Características do neofutebol brasileiro
quarta-feira, 26 de junho de 2019
Atualizado às 08:26
Circulam notícias de que dois rivais históricos, AC Milan e Inter de Milão - que já compartilham o mesmo estádio, de modo civilizado e colaborativo -, estariam organizando-se para construir, em conjunto, uma nova arena.
A novidade envolve o esforço para captação de recursos e definição de um plano de negócios que viabilize (i) a utilização, pelos dois times, em seus jogos nas diversas competições de que participem, e (ii) a exploração econômica do equipamento.

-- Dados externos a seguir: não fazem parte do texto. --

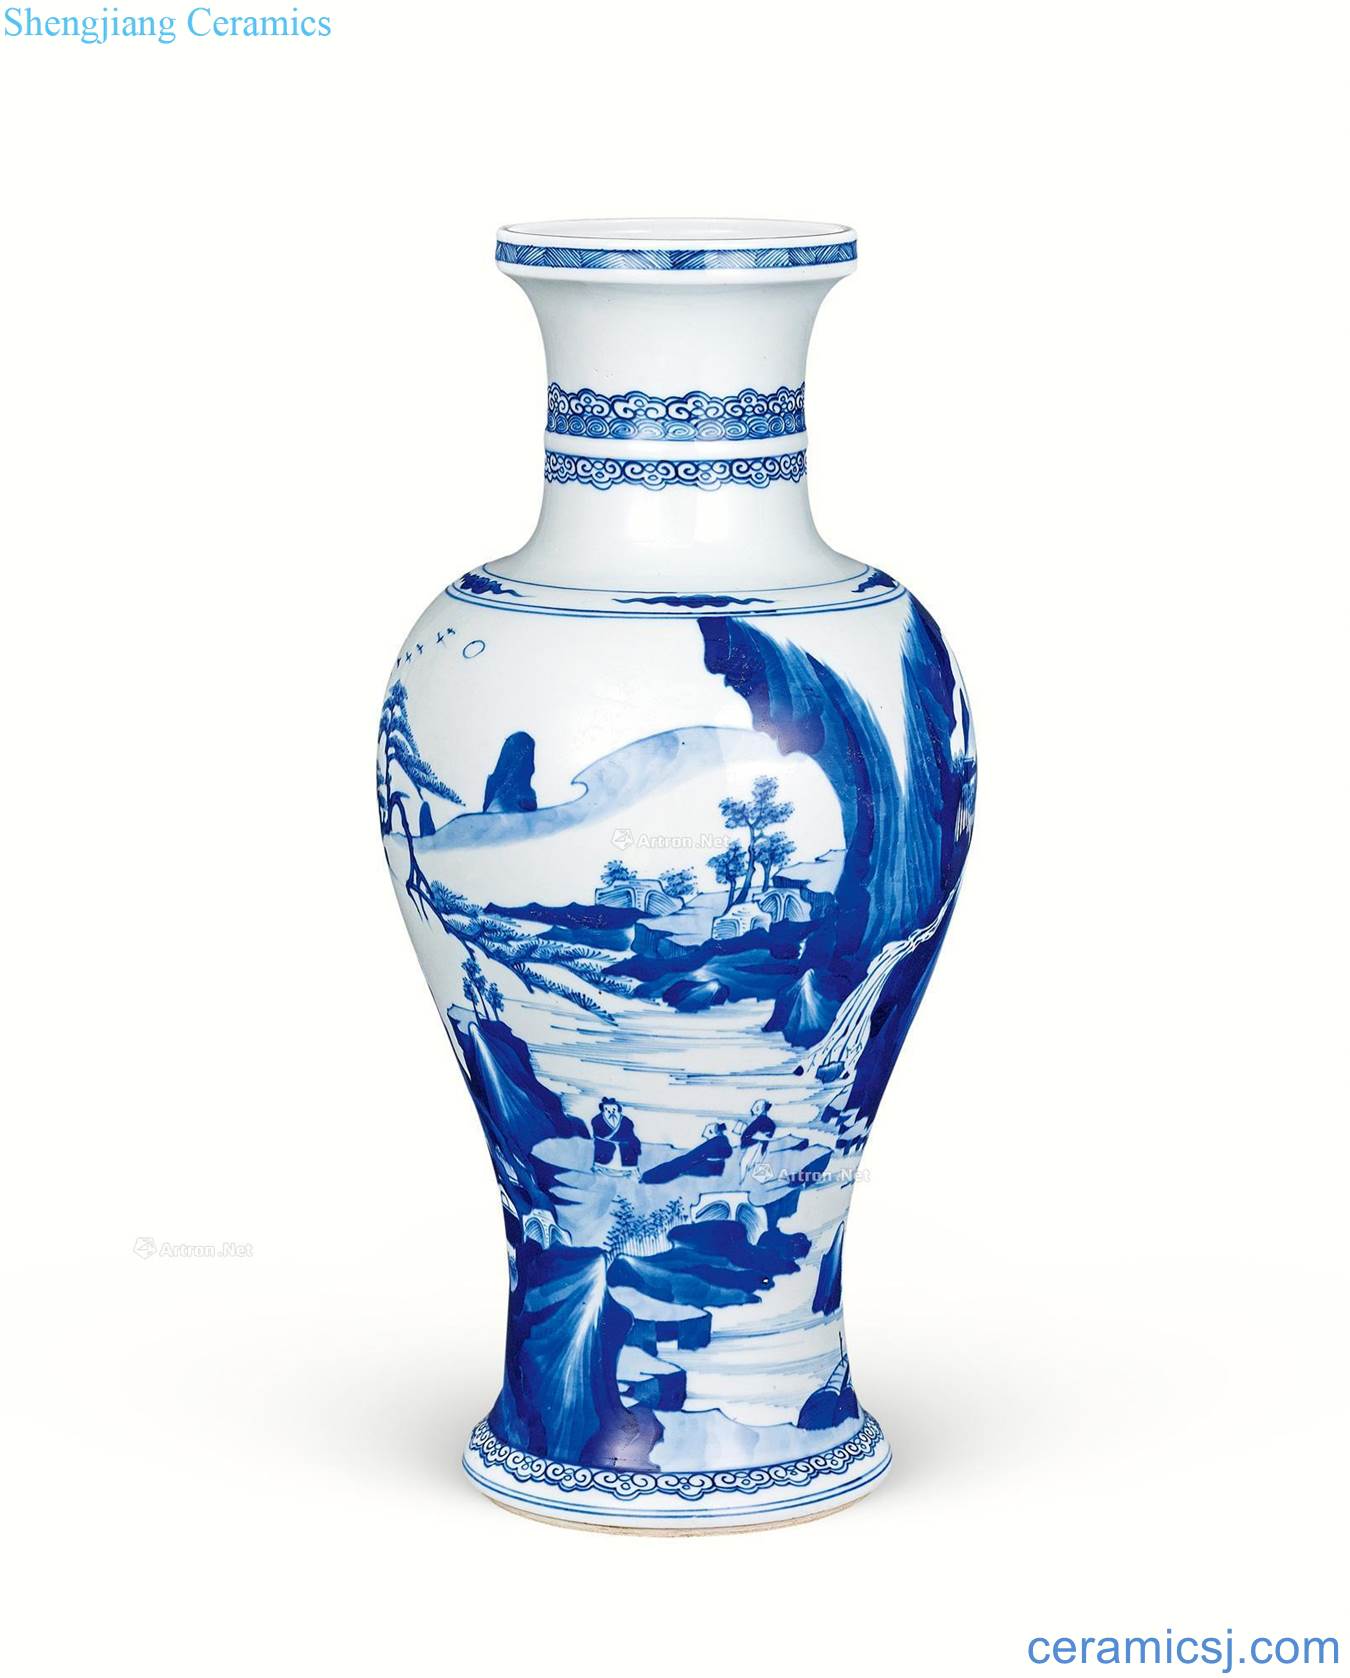 In the qing dynasty Blue and white landscape character

Esse negócio enquadra-se na definição de joint venture, que se trata de uma espécie de reorganização associativa, em que duas ou mais empresas, sem perder autonomia e independência em relação aos seus negócios, associam-se, mediante contrato ou constituição de uma nova empresa, para desenvolver determinada atividade ou explorar determinado ativo.

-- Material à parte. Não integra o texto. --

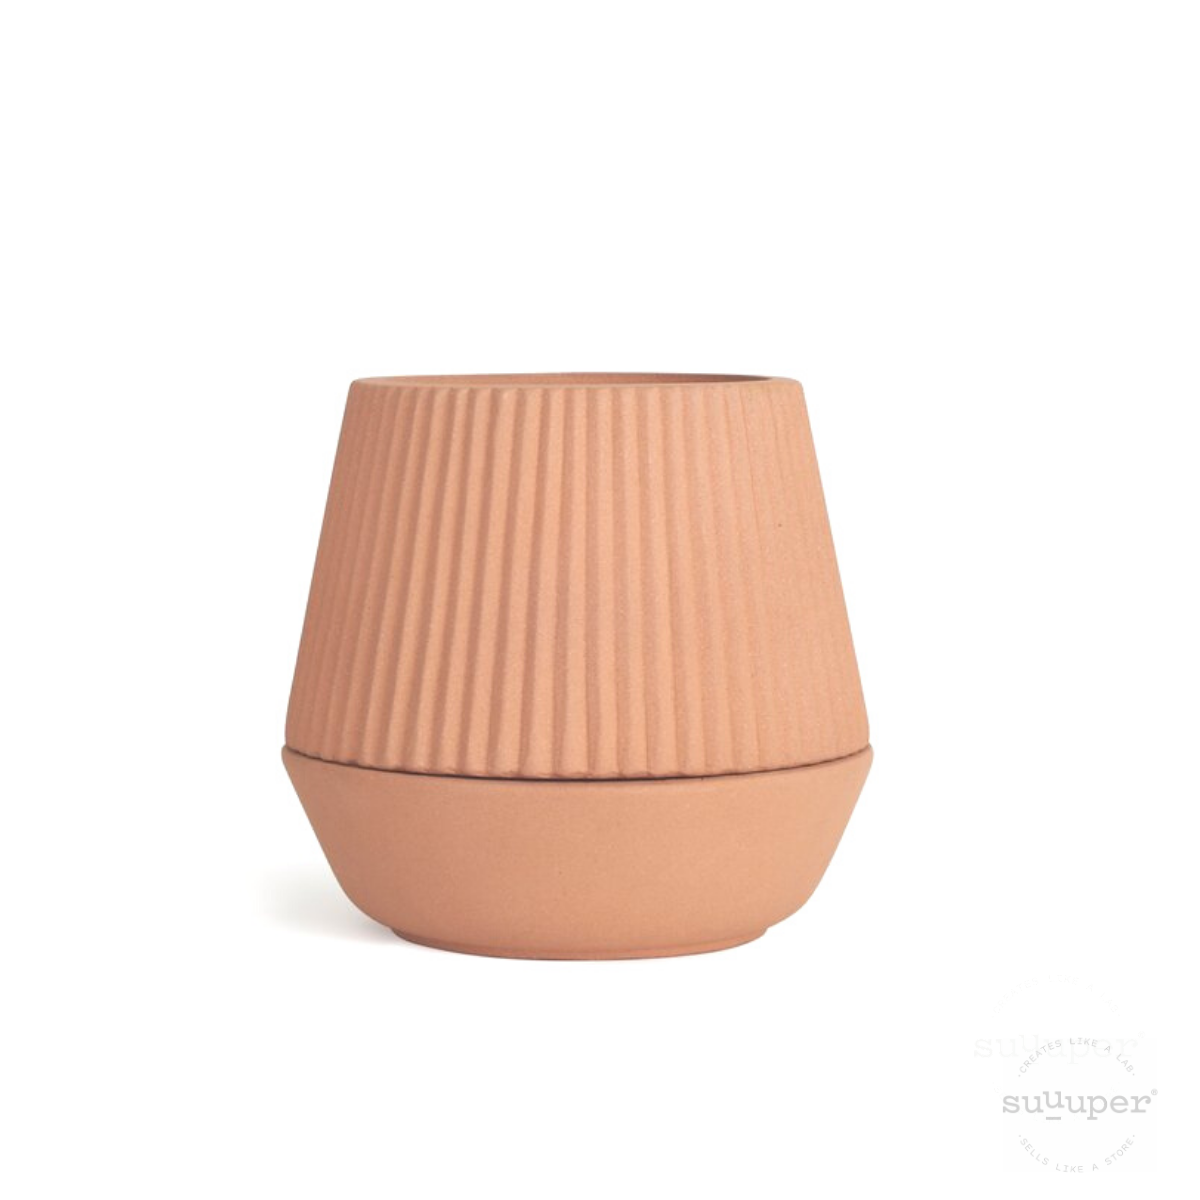 PLEATED PLANTER - Designed by MSDS Studio

A constituição de nova empresa, que é chamada de equity joint venture, apresenta algumas características interessantes: o surgimento de uma unidade autônoma de negócios; a contratação de administradores próprios e, em tese, especialistas na atividade que se desenvolverá; o propósito lucrativo, que implicará a distribuição do excedente aos sócios - portanto, aos times que a constituíram; e o direcionamento de recursos antes utilizados para manutenção do estádio (ou da arena) para conta de investimentos ligados ao futebol.
Desse modo, os times podem dedicar-se, com exclusividade, aos seus negócios (a atividade futebolística) e, como sócios de uma empresa que atua na exploração da arena, cobrarão e receberão resultados e dividendos.
Fato é que, sob a forma de joint venture ou mediante investimento isolado - caso da Juventus, que empregou montante da ordem de 155 milhões de euros para construção do Juventus Stadium, que logo passou a chamar-se Allianz Stadium -, o tema arena (ou estádio) também não resistiu à evolução e à globalização do futebol, e os principais times dos principais centros de prática deram soluções que se acomodam às diversas realidades e, sobretudo, que se integram nos respectivos planos de negócios - e de crescimento.
No Brasil, o tema foi muito mal gerido; fora aproveitado para o cometimento de atentados ao erário e aos torcedores - e, em alguns casos, aos próprios times. Os resultados todos já conhecem: elefantes brancos, que consumiram bilhões de reais - os quais poderiam ter sido destinados à educação e à saúde, ou ao desenvolvimento do futebol -; e endividamentos impagáveis de determinados clubes.
O pano de fundo dessa peça é a falta de colaboração: clubes não colaboram entre eles, entidades administradoras do futebol lavam as mãos, e o Estado não atua para executar a única função que lhe é destinada no sistema: a definição de novo marco regulatório.
Portanto, cada agente corre para satisfazer seus interesses particulares, e, assim, se deixa, como legado, o caos.
Essa situação propicia o fortalecimento de um ou outro time, que consegue, por via do fluxo de recursos oriundos de um ou outro patrocinador ou pelo tamanho de suas torcidas, distanciar-se dos demais, criando-se um hiato indesejável, sob a perspectiva da sustentabilidade e da higidez sistêmica.
Aí está um retrato do neofutebol brasileiro.
Aliás, o neofutebol brasileiro é a antítese do modelo inglês (que estimula a concorrência e a distribuição da riqueza interna), ou do modelo norte-americano - aplicável em geral aos esportes populares -, cujo lema é rivalidade em campo, sociedade fora dele.
É isso, pois: a falta de colaboração, em todos os níveis, é um dos motivos do desmantelamento do invejável modelo de distribuição de forças entre times de diversos estados da federação e da transformação dos clubes brasileiros em exportadores periféricos de commodities.